Opendoor’s conversion rate and customer acquisition costs are related to its average spread, with larger spreads increasing acquisitions costs. This limits the extent to which Opendoor can drive bottom line improvements through pricing. Opendoor is trying to overcome this through partnerships which provide fixed customer acquisition costs and efficiency.
Despite recent partnership initiatives, direct to consumer paid marketing was still responsible for 60% of contracts in Q2. Investors should watch for the impact of partnerships on sales and marketing expenses in coming quarters, as this will be critical to Opendoor’s future.

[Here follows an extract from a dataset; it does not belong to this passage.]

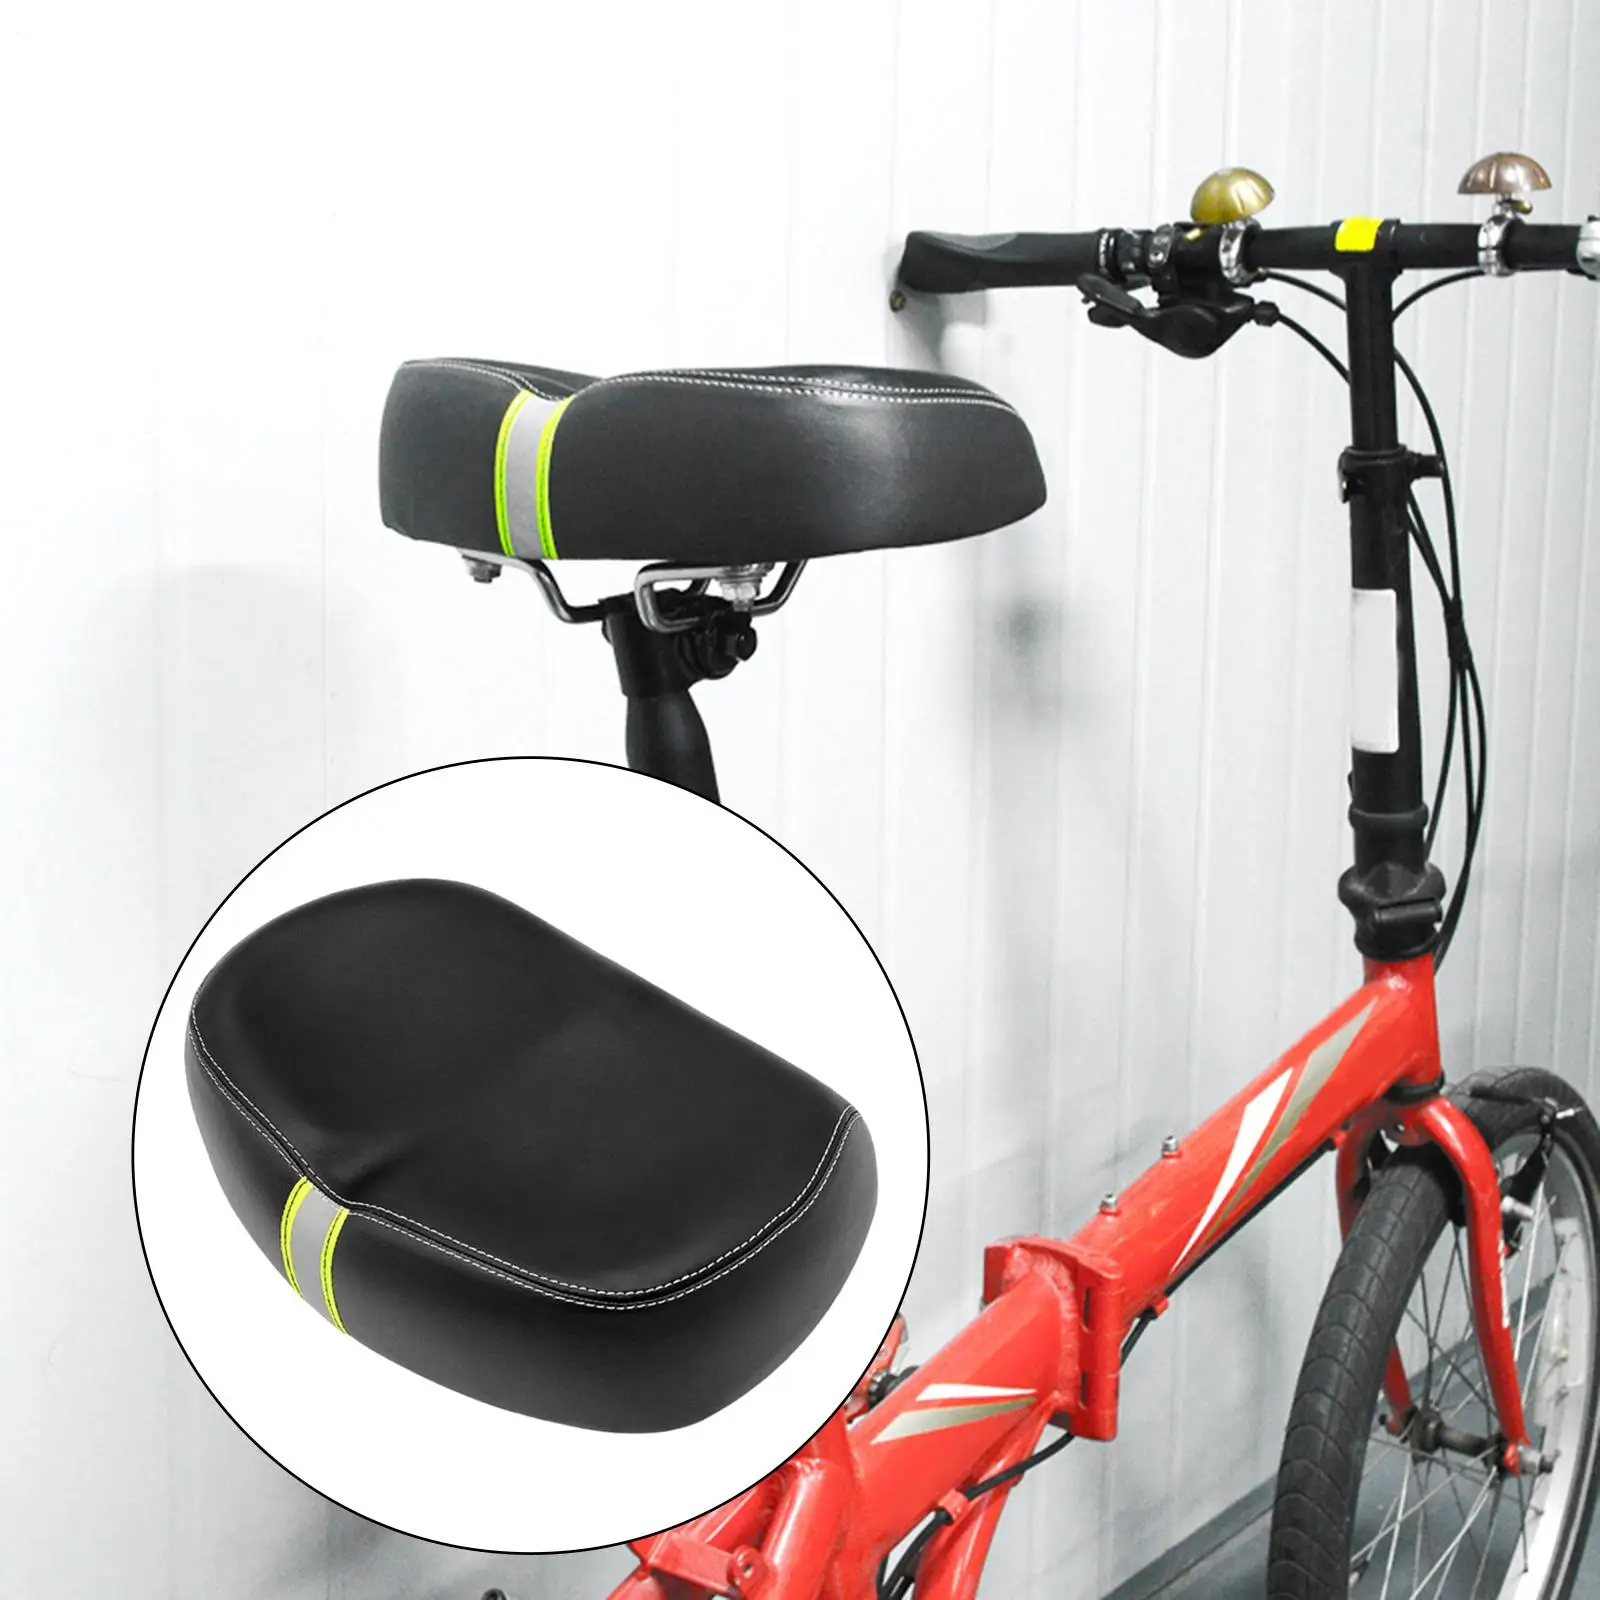 Oversized Bike Seat Saddle Comfortable Noseless Breathable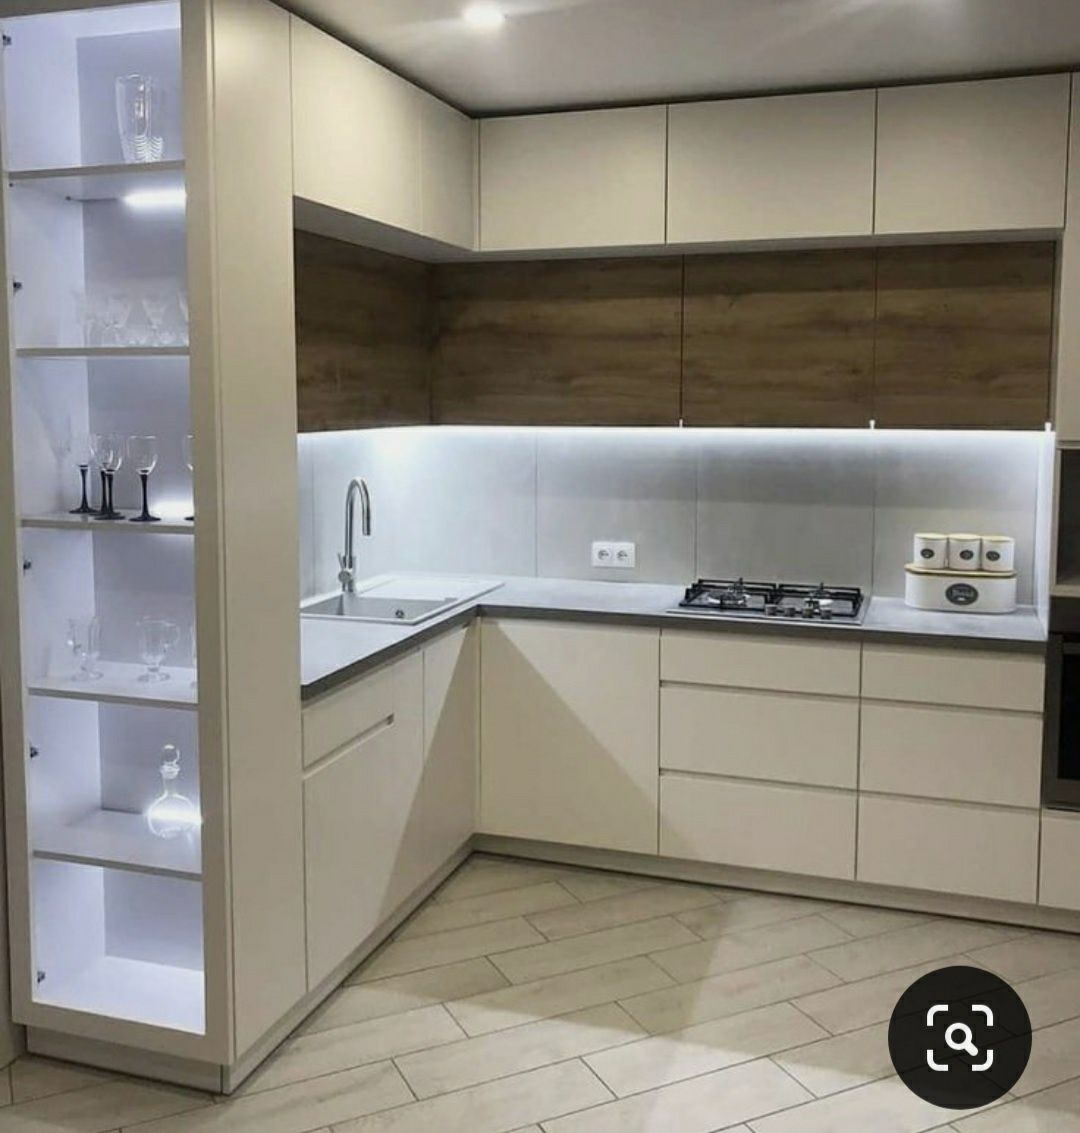 Projekt wizualizacjia 3D kuchni, łazienki, szafy garderoby na wymiar

Opendoor has a goal of achieving adjusted net income profitability by 2024. Breakeven is anticipated to occur at around a 10 billion USD annual revenue run rate, which would require Opendoor to return to roughly 2,200 home acquisitions per month. This appears to be possible but will be largely dependent on housing market conditions.
Investors should not make the mistake of looking at Opendoor’s cash flows as these predominantly reflect the balance of home purchases and sales, rather than giving any insight into profitability.
Opendoor’s target net income margin is low, meaning its capital efficiency is also crucial to generating returns in excess of its cost of capital. The company’s asset turnover (adjusted for cash) has generally been increasing and is approaching a level where returns in excess of the cost of capital are becoming feasible. This metric should be closely observed as the company moves back into a growth phase though.
At the end of the third quarter Opendoor had 1.2 billion USD of unrestricted cash, cash equivalents, and marketable securities. Opendoor also had 8.4 billion USD in asset-backed borrowing capacity, of which 3 billion USD was utilized.
Conclusion
Opendoor’s valuation is still low, provided that the company can demonstrate its business model is viable. I expect that under more normal housing market conditions Opendoor will move towards profitability as its business scales and matures. How much value this creates for shareholders will be largely dependent on Opendoor’s ability to penetrate higher margin adjacent verticals and reduce the burden of sales and marketing through partnerships.
I believe that iBuying presents a long-term opportunity but there is probably too much near-term optimism baked into Opendoor’s share price. The housing market is far weaker than most investors believe, and this is not an issue that will be simply resolved by a small drop in mortgage rates.
Analyst’s Disclosure: I/we have no stock, option or similar derivative position in any of the companies mentioned, and no plans to initiate any such positions within the next 72 hours. I wrote this article myself, and it expresses my own opinions. I am not receiving compensation for it (other than from Seeking Alpha). I have no business relationship with any company whose stock is mentioned in this article.
Seeking Alpha’s Disclosure: Past performance is no guarantee of future results. No recommendation or advice is being given as to whether any investment is suitable for a particular investor. Any views or opinions expressed above may not reflect those of Seeking Alpha as a whole. Seeking Alpha is not a licensed securities dealer, broker or US investment adviser or investment bank. Our analysts are third party authors that include both professional investors and individual investors who may not be licensed or certified by any institute or regulatory body.